What needs to be done ::
Where the data below shows a picture, leave that picture out and copy the rest exactly.

Stored data ::
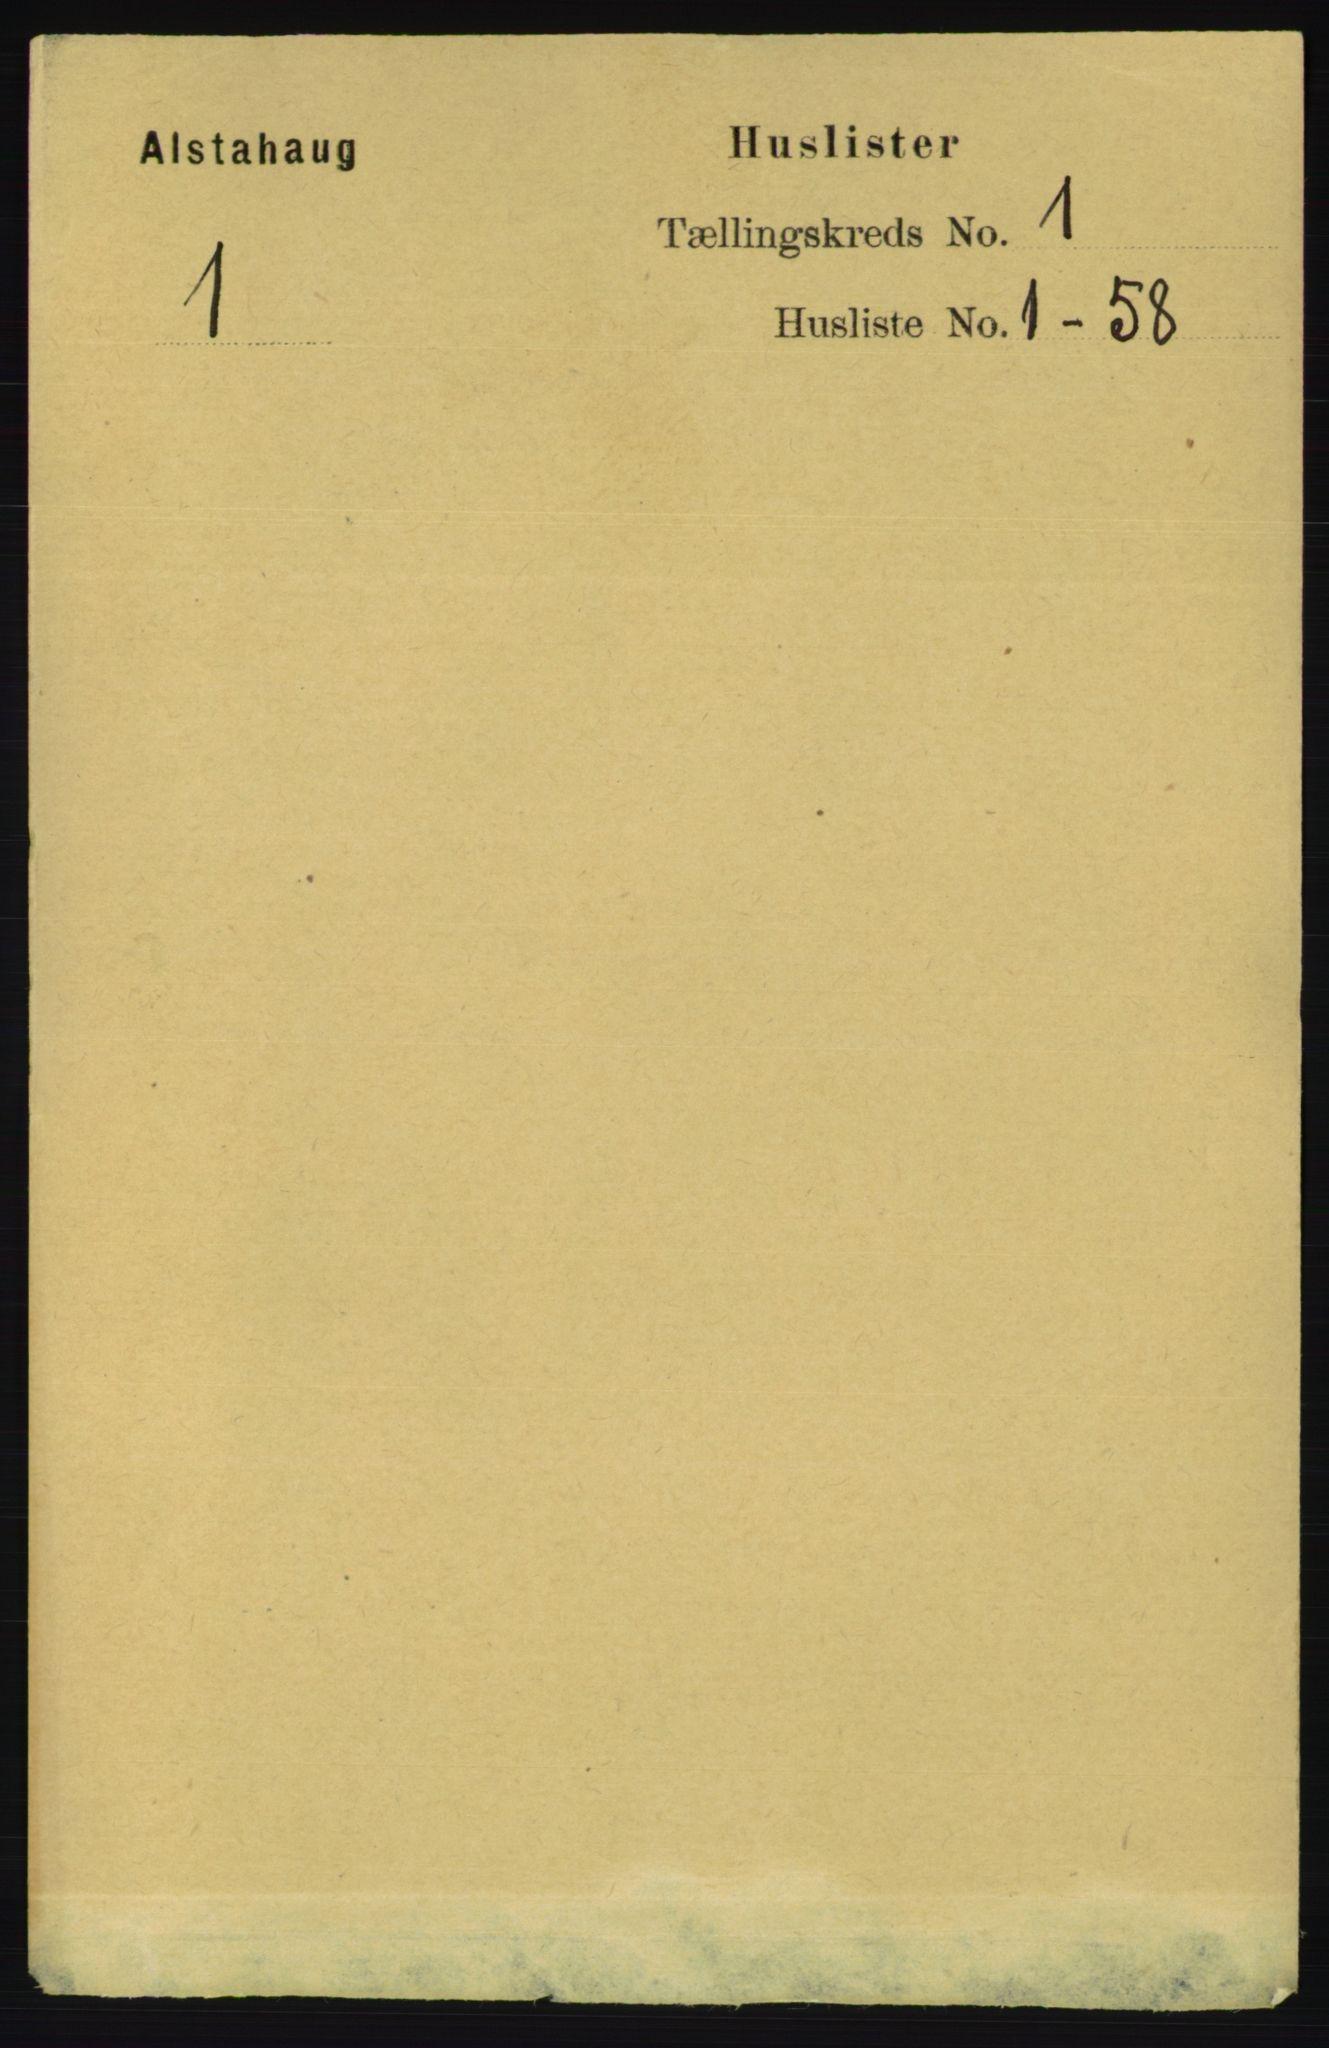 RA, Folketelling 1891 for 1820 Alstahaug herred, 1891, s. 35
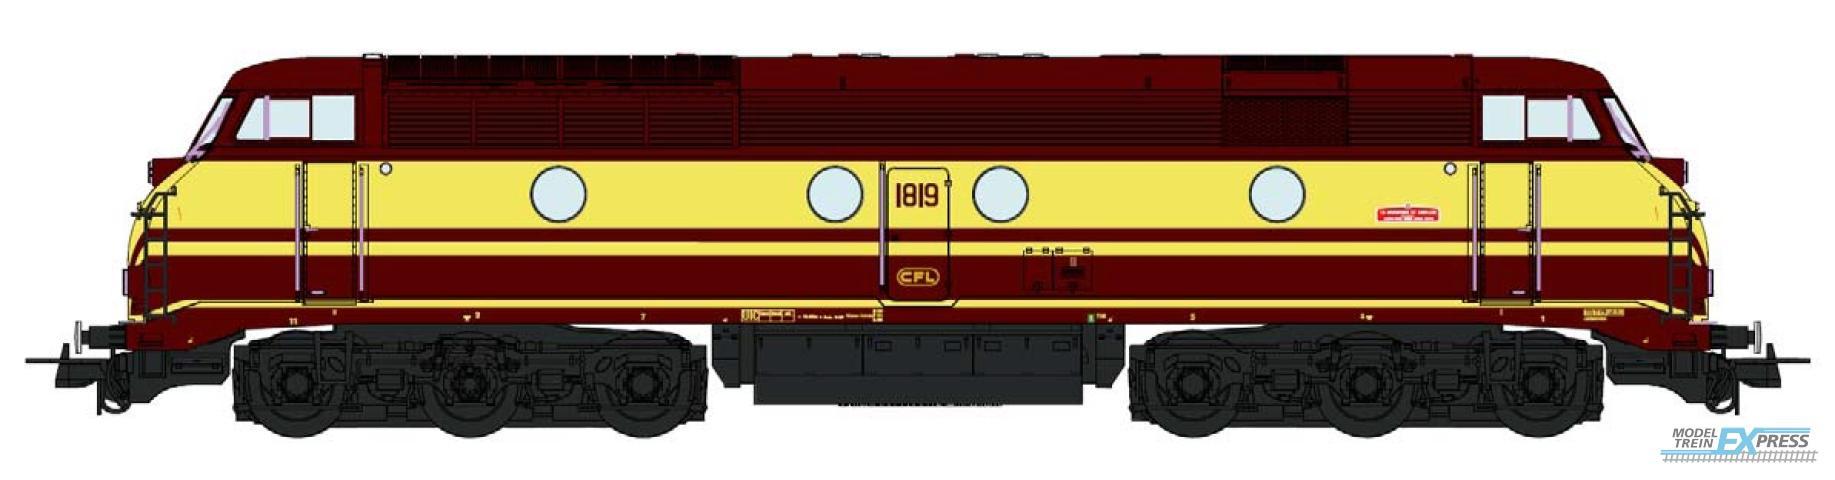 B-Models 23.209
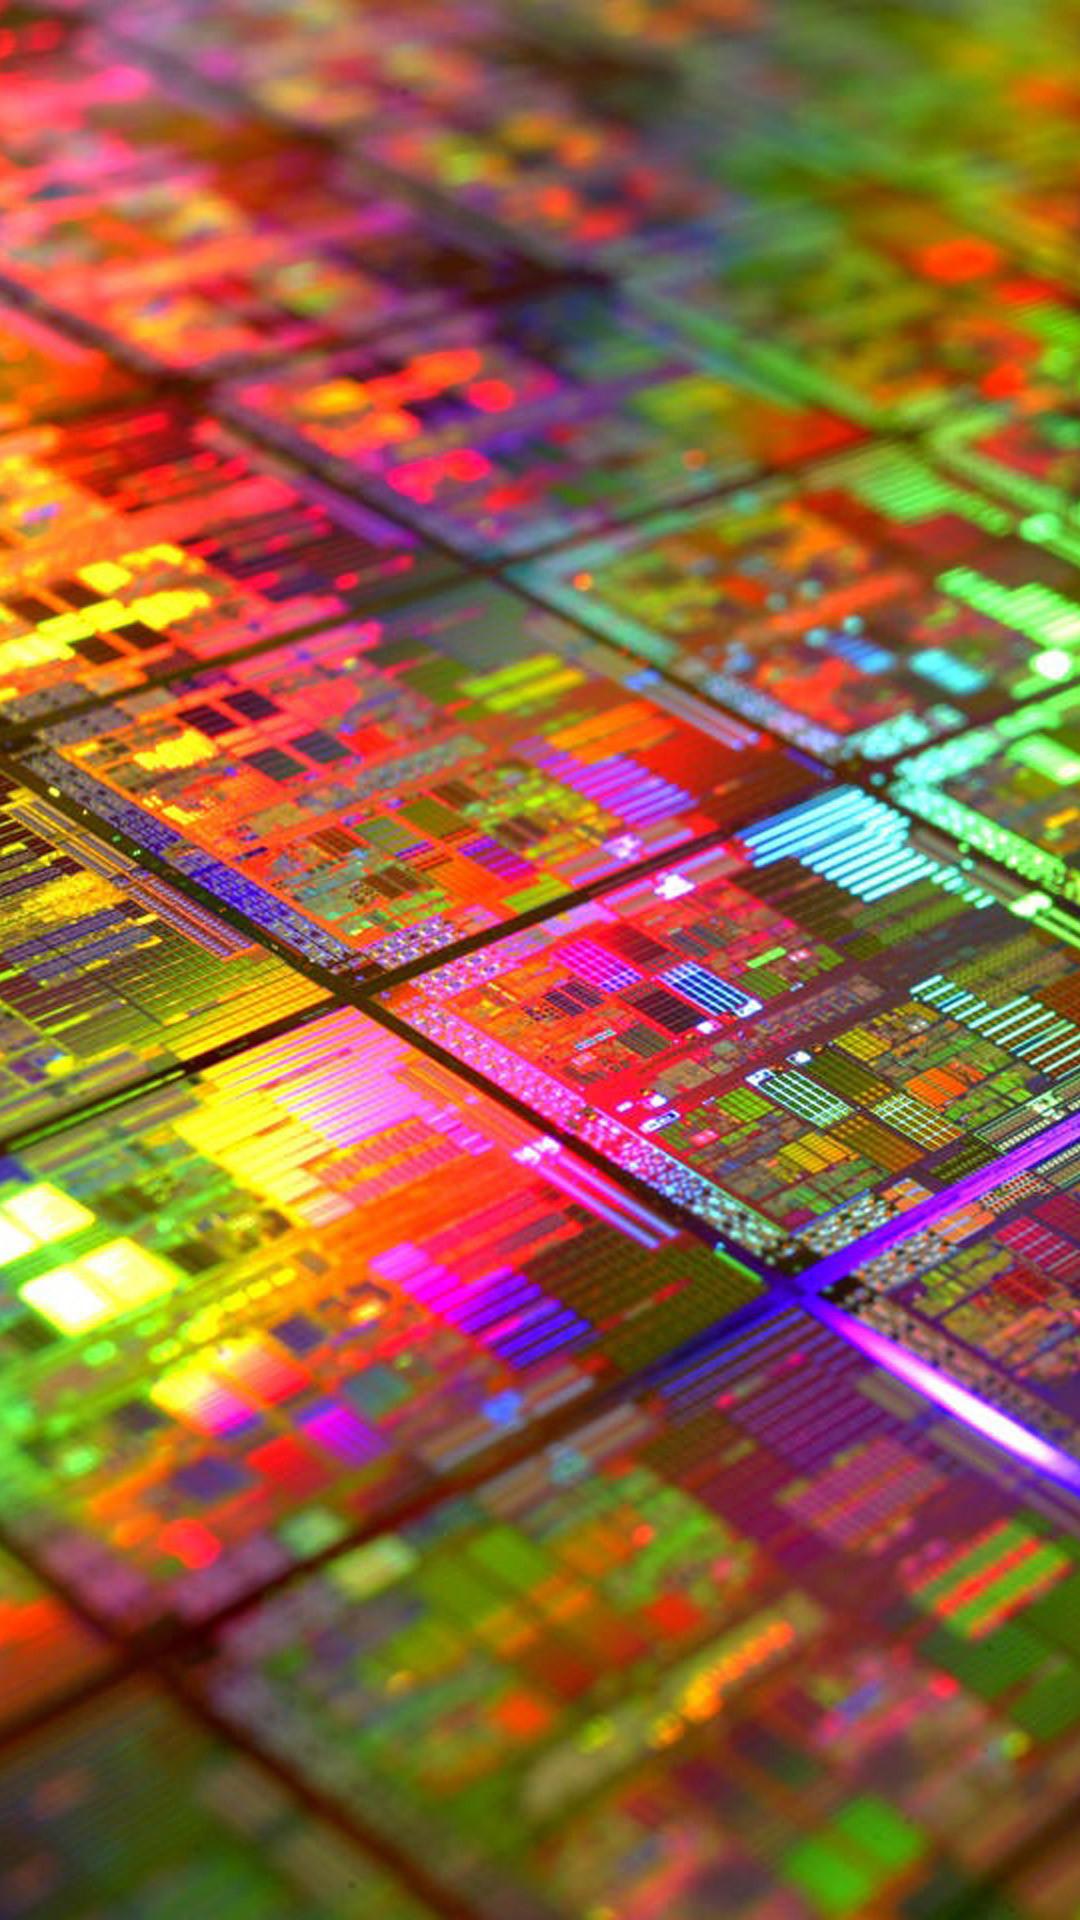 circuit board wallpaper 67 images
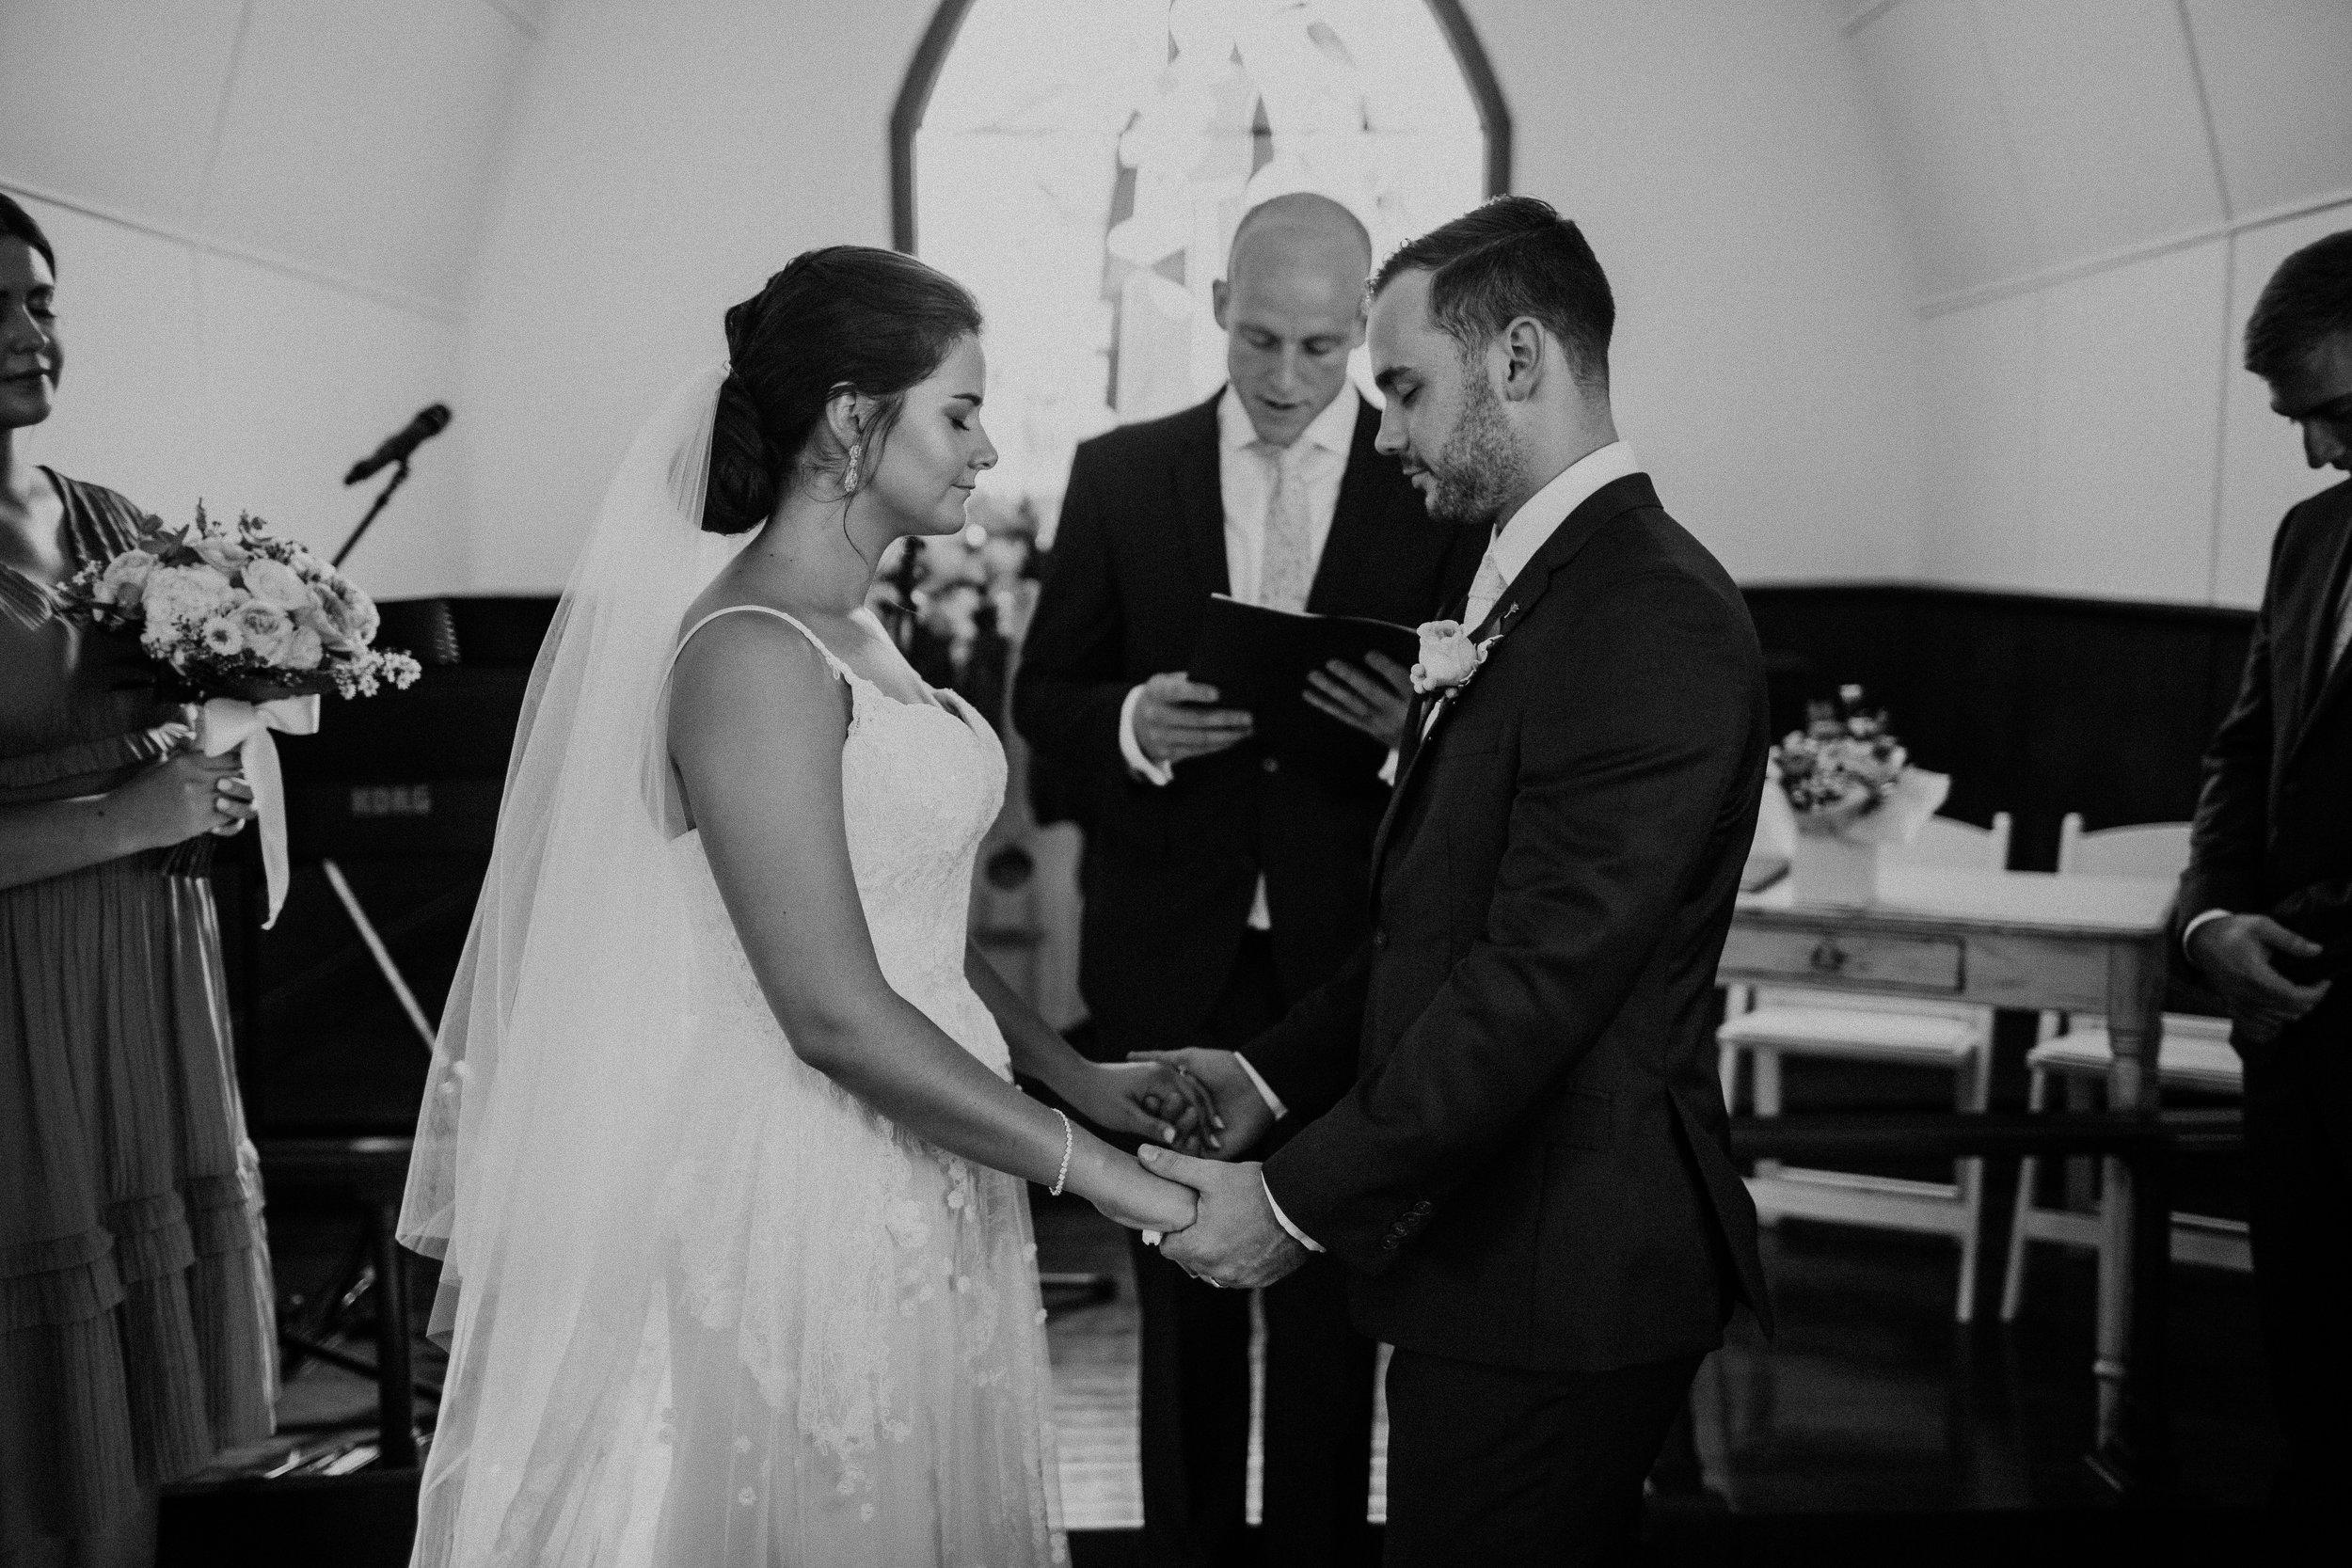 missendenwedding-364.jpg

Task output ::
 RA, Folketelling 1891 for 1820 Alstahaug herred, 1891, s. 35
 B-Models 23.209
 circuit board wallpaper 67 images
 missendenwedding-364.jpg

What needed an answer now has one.